It is very important to understand the difference between experimental errors and 'mistakes'. A mistake is something that you do incorrectly, such as misreading the scale on a thermometer, or taking a reading at the wrong time, or not emptying a graduated pipette fully. Do not refer to these types of mistake when you are asked to comment on experimental errors.
You've already seen, on post # 70 , that every measuring instrument has its own built-in degree of uncertainty in the values you read from it. You may remember that, in general, the size of the error is half the value of the smallest division on the scale.
Errors can also occur if there were uncontrolled variables affecting your results. For example, if you were doing an investigation into the effect of leaf area on the rate of transpiration, and the temperature in the laboratory increased while you were doing your experiment, then you can't be sure that all the differences in rate of transpiration were entirely due to differences in leaf area.
Systematic and random errors
Systematic errors are ones that are the same throughout your investigation, such as intrinsic errors in the measuring instruments you were using.
Random errors are ones that can differ throughout your investigation. For example, you might be doing an osmosis investigation using potato strips taken from different parts of a potato, where perhaps the cells in some parts had a higher water potential than in others. Or perhaps the temperature in the room was fluctuating up and down.
Spotting the important sources of error
You should be able to distinguish between significant errors and insignificant ones. For example, a change in room temperature could have a significant effect on the rate of transpiration (Investigation 4) but it would not have any effect at all on the number of stomata on the upper and lower surface of a leaf (investigation 3).
Another thing to consider is how well a variable has been controlled. If you were doing an enzyme investigation using a water bath to control temperature, then you should try to be realistic in estimating how much the temperature might have varied by. If you were using a high-quality, electronically controlled water bath, then it probably did not vary much, but if you were using a beaker and Bunsen burner then it is likely that temperature variations could indeed be significant.
Tips
During your course:
• Every time you do an investigation, work out and write down the uncertainty in all the types of measurement that you make.
• Every time you do an investigation, think carefully about any errors that may be die to lack of control of variables - which ones might genuinely be significant!
Inthe exam:
• If you are asked about an investigation that seems familiar.
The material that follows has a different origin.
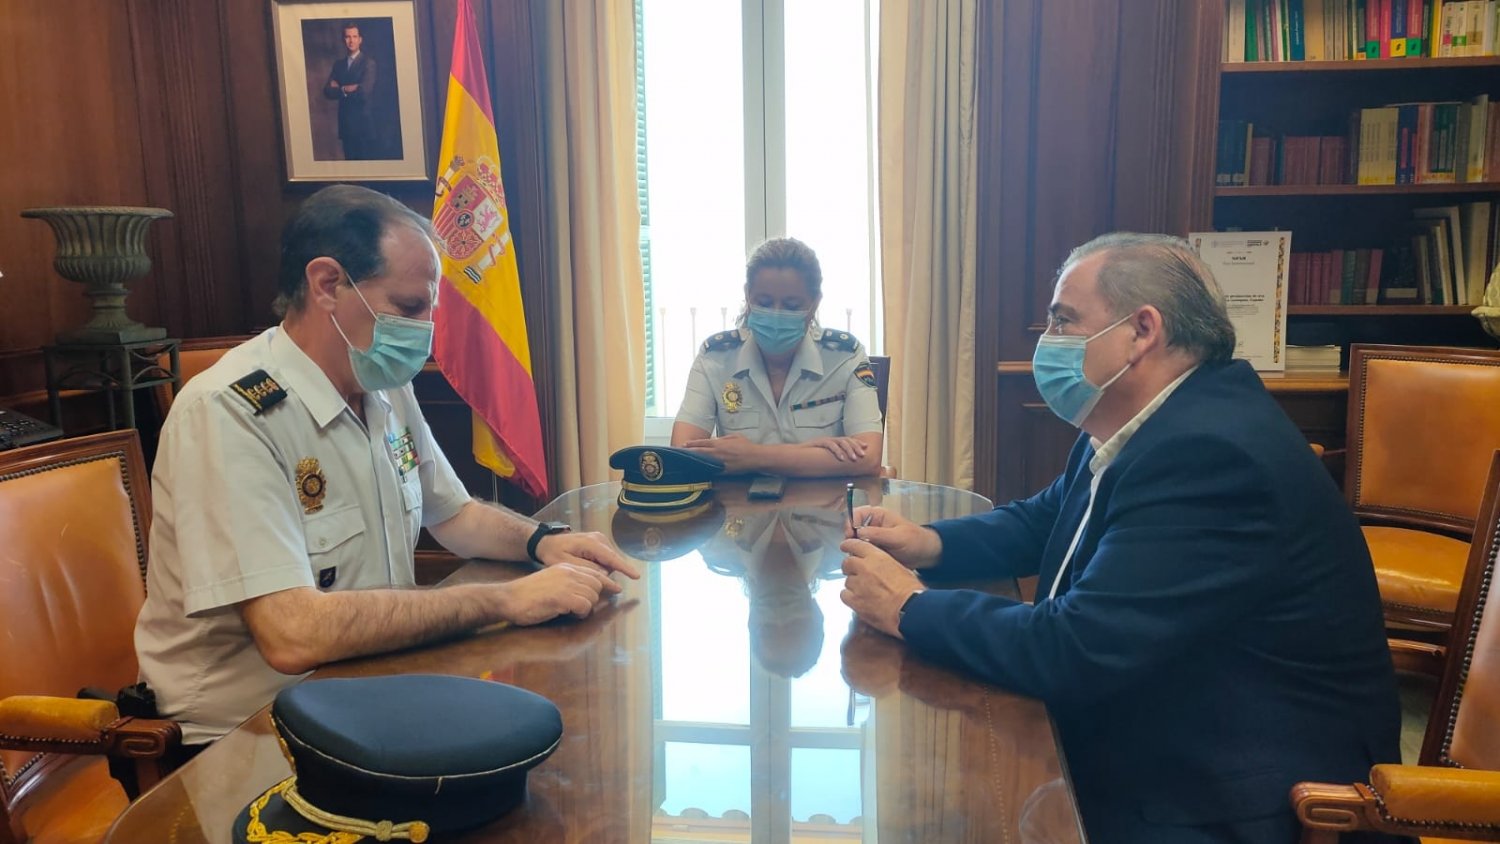 Reunión de despedida entre el subdelegado del gobierno en Málaga y el Comisario jefe provincial

It is tempting just to try to recall what the main errors were in the investigation that you did before. This is not a good idea, because the investigation in the exam may not be quite the same. Always think about the actual investigation in the examination question, and think through what the significant sources of error are.
Suggesting improvements
You may be asked to suggest how the investigation you have just done, or an investigation that has been described, could be improved. Your improvements should be aimed at getting more valid or reliable results to the question that the investigation was trying to answer - do not suggest improvements that would mean you would now be trying to answer a different question. For example, if you were doing an investigation to investigate the effect of leaf area on the rate of transpiration, don't suggest doing something to find out the effect of the wind speed on the rate of transpiration.
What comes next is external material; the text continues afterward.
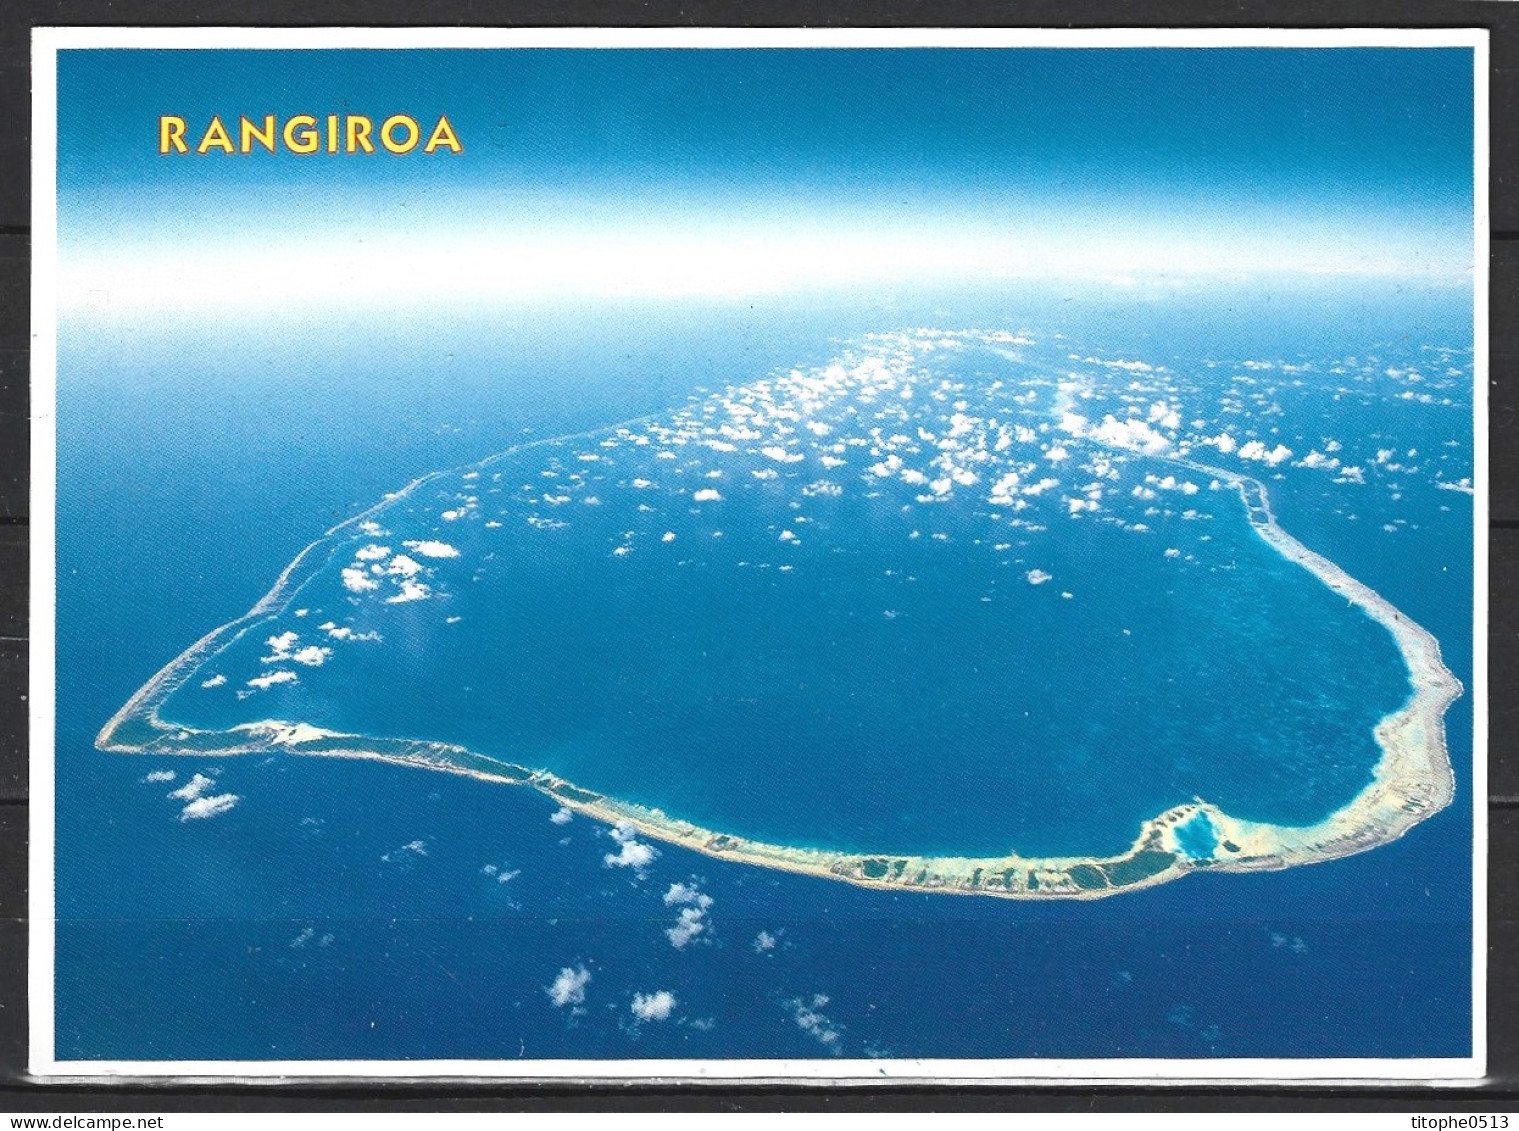 POLYNESIE. Carte Postale écrite. Rangiroa. - Polinesia Francesa

The improvements you suggest could include controlling certain variables that were not controlled, or controlling them more effectively. For example, you may suggest that the investigation could be improved by controlling temperature. To earn a mark, you must also say how you would control it, for example by placing sets of test-tubes in a thermostatically controlled water bath.
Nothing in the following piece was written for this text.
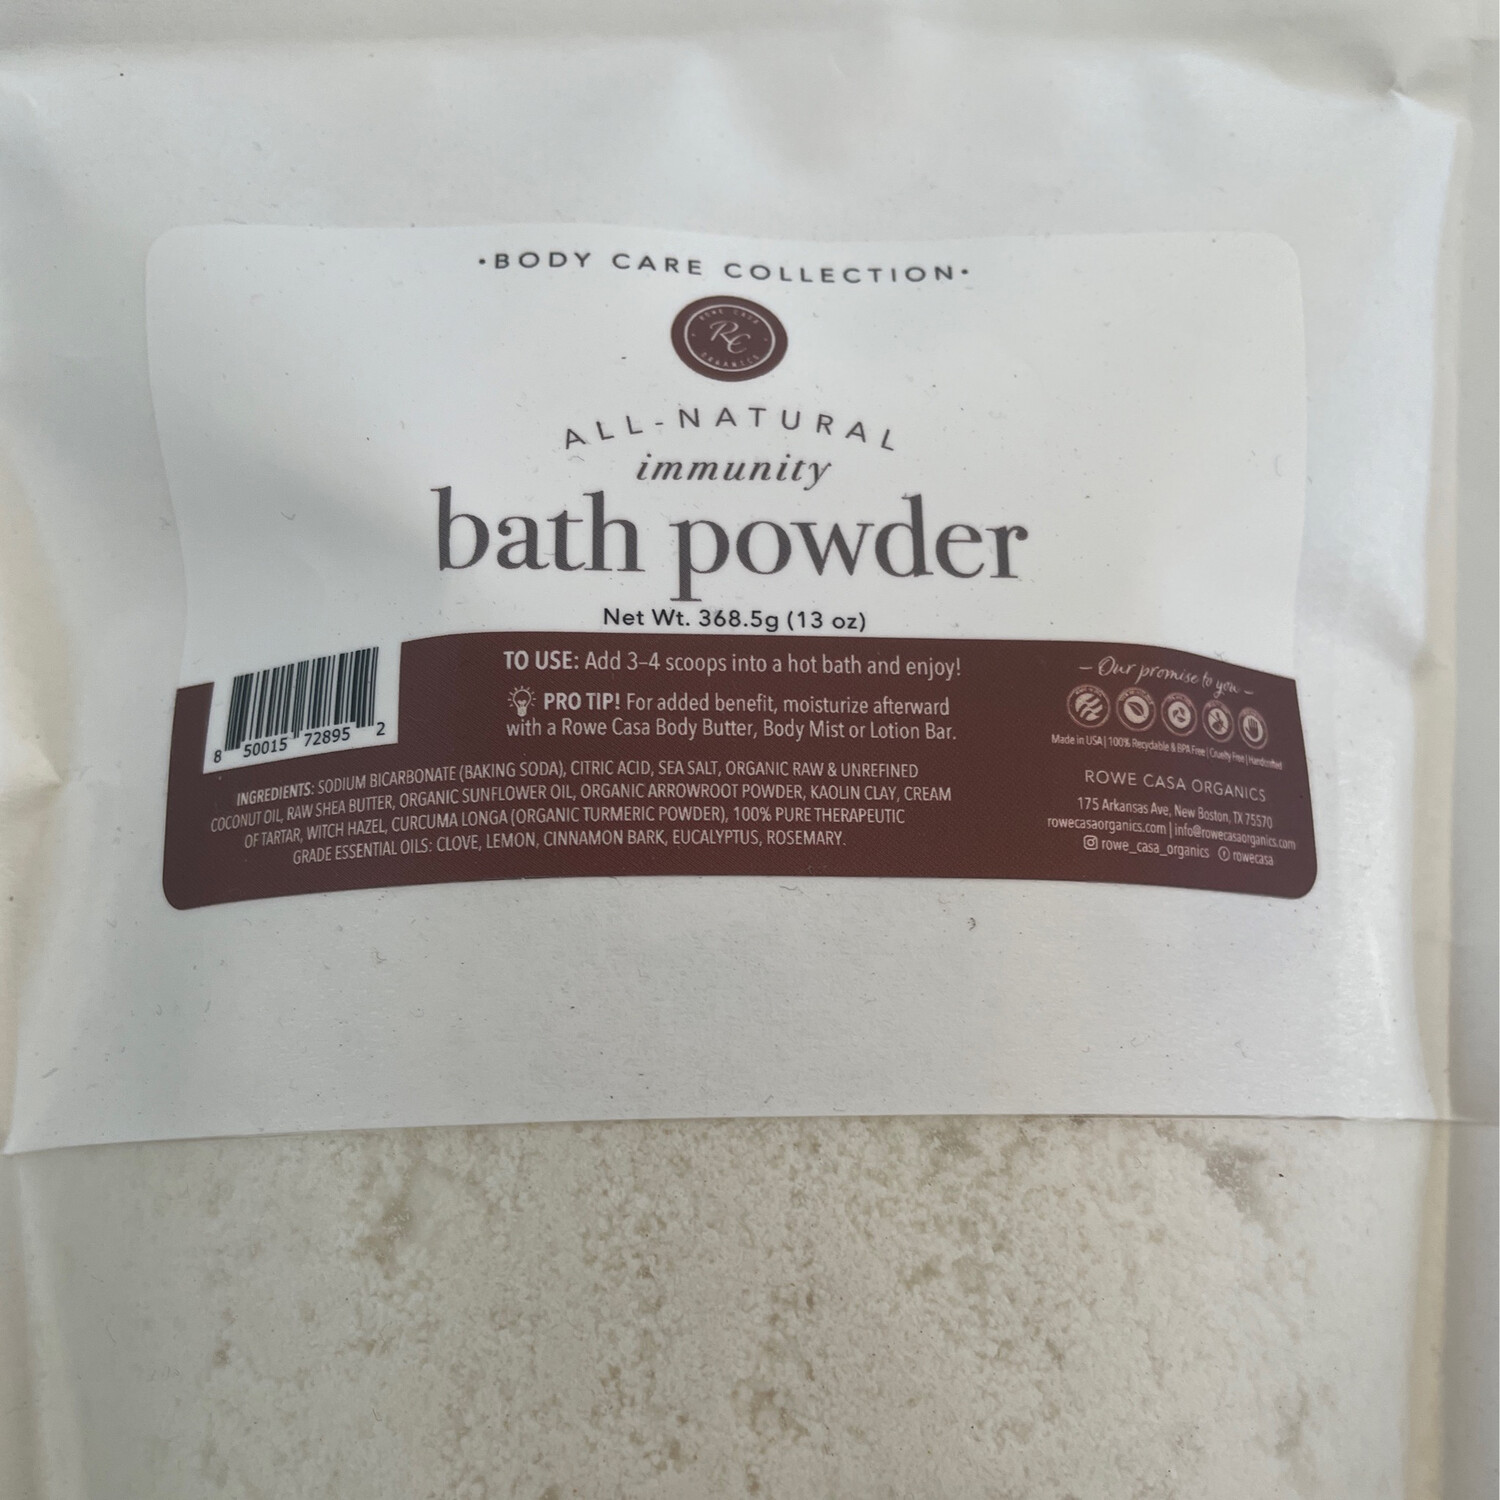 Rowe Casa Organics Bath Powder Immunity 13oz

You could also suggest using better methods of measurement. For example, you might suggest using a colorimeter to measure depth of colour, rather than using your eyes and a colour scale.
It is almost always a good idea to do several repeats in your investigation and then calculate a mean of your results. For example, if you are measuring the effect of light intensity on the rate of transpiration, then you could take three sets of readings for the volume of water taken up by your leafy shoot in one minute at a particular light intensity. The mean of these results is more likely to give you the true value of the rate of transpiration than anyone individual result.
Tips
During your course:
• If time allows, try to do at least two (and possibly three) repeats when you do an investigation.
• As you do an investigation, be thinking all the time about how reliable or accurate your measurements and readings are. Think about what you would like to be able to do to improve their reliability or accuracy.
In the exam:
• Be very precise in suggesting how you could improve the investigation - for example, don't just say you would control a particular variable, but say how you would control it.
You've already seen, on post # 70 , that every measuring instrument has its own built-in degree of uncertainty in the values you read from it. You may remember that, in general, the size of the error is half the value of the smallest division on the scale.
Errors can also occur if there were uncontrolled variables affecting your results. For example, if you were doing an investigation into the effect of leaf area on the rate of transpiration, and the temperature in the laboratory increased while you were doing your experiment, then you can't be sure that all the differences in rate of transpiration were entirely due to differences in leaf area.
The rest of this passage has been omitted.